Кстати, необходимость выяснения экспериментального статуса этой гипотезы быстрее всего понимают «обыватели» и дети — ведь у них доминирует психологическое ощущение времени, весьма зависящее как от физического, так и от духовного состояния человека. К тому же показания биологических часов (например пульса) заметно различаются у покоящегося и движущегося человека. Скажем сразу, что прецизионные эксперименты ХХ в. придали почти научный смысл этому «наивному» переживанию времени, образно говоря, обнаружили у физических часов признаки антропоморфности — зависимость хода от состояния их движения.
Однако этот шаг физики навстречу человеку естественному не находит пока должного отклика.
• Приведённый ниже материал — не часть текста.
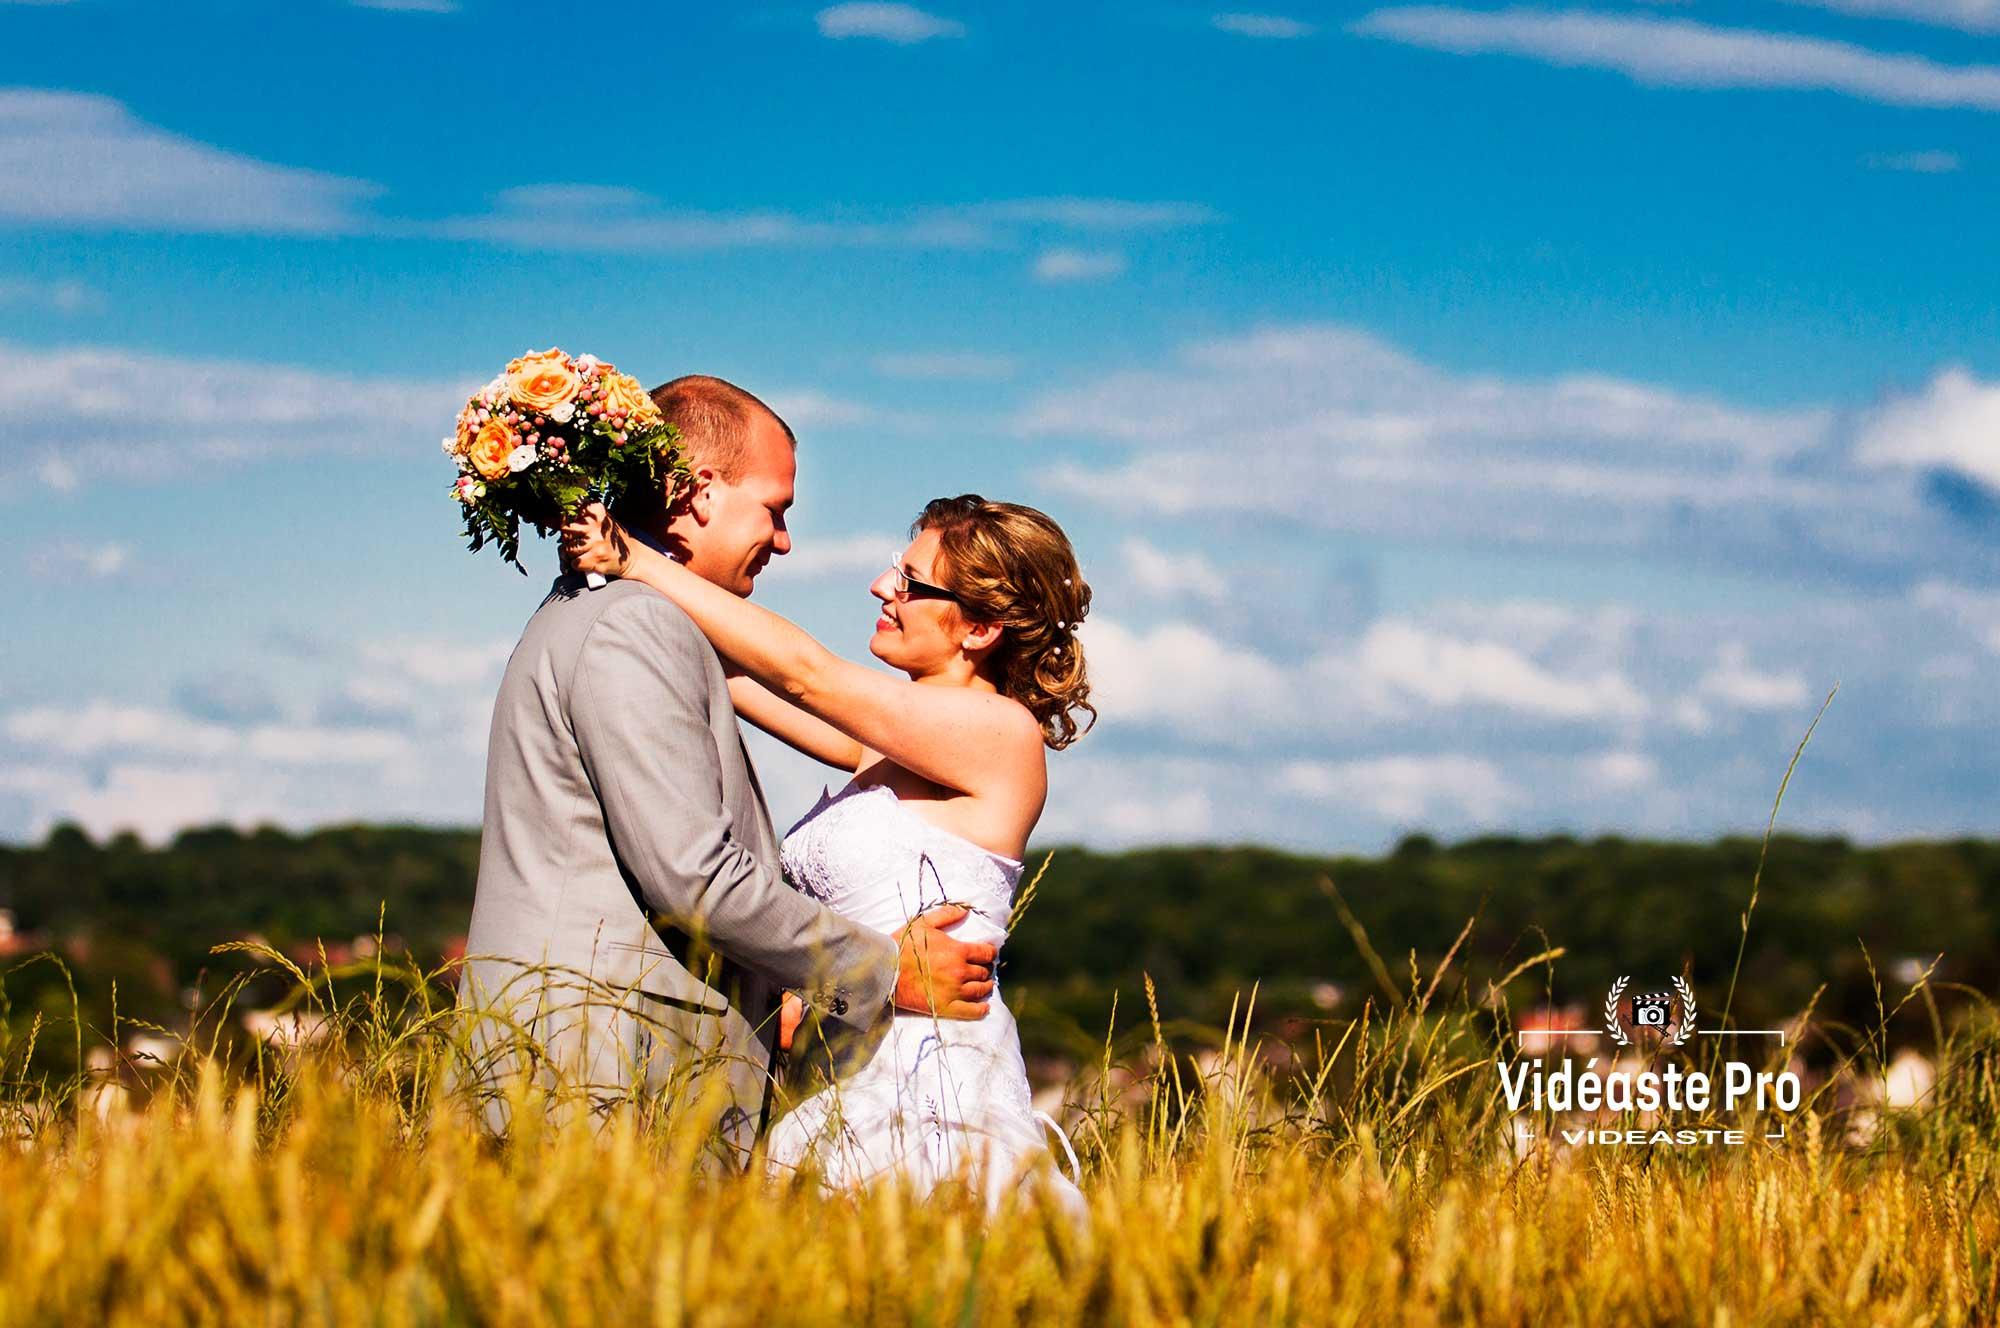 Tarifs vidéaste couple Val d'Oise, tarif prix cameraman couple Val d'Oise, prix tarif séance vidéo mariage couple en Val d'Oise

Тому есть исторические причины. На протяжении тысячелетий люди «по капле выдавливали» из себя и культуры «детский» взгляд на мир, незаметно становясь «рабами» механического (во всех смыслах) восприятия, объяснения и переустройства действительности. В апогее этого исторического этапа человечество создало концепцию априорного (Кант), абсолютного (Ньютон) времени и качественные хронографы, «стук сердца» которых, казалось, не зависел от внешних обстоятельств. На века утвердилось мнение, что европейская культура прикоснулась к «божьему промыслу», когда Ньютон построил математическую реализацию демокритовой атомистики, сохранив даже эпикуровские «клинамены» как «причуды» атомов света. Впрочем, о последнем скоро забыли почти на два века, а вот догматы его механики, один из которых спрятан в приведенной выше школьной формуле, восторжествовали «всерьез и надолго», получив священный статус классических. Это нашло свое отражение в малоизвестной ныне максиме Вольтера — пропагандиста взглядов Ньютона в континентальной Европе: «Пространство и время — формы существования Бога». Именно Бог был «Лордом-хранителем» абсолютного универсального времени, в каждый момент которого ему была доступна любая точка безграничного, однородного и изотропного пространства. Любые отклонения от этого идеала списывались на несовершенство наших человеческих, и потому относительных, представлений о пространстве и времени.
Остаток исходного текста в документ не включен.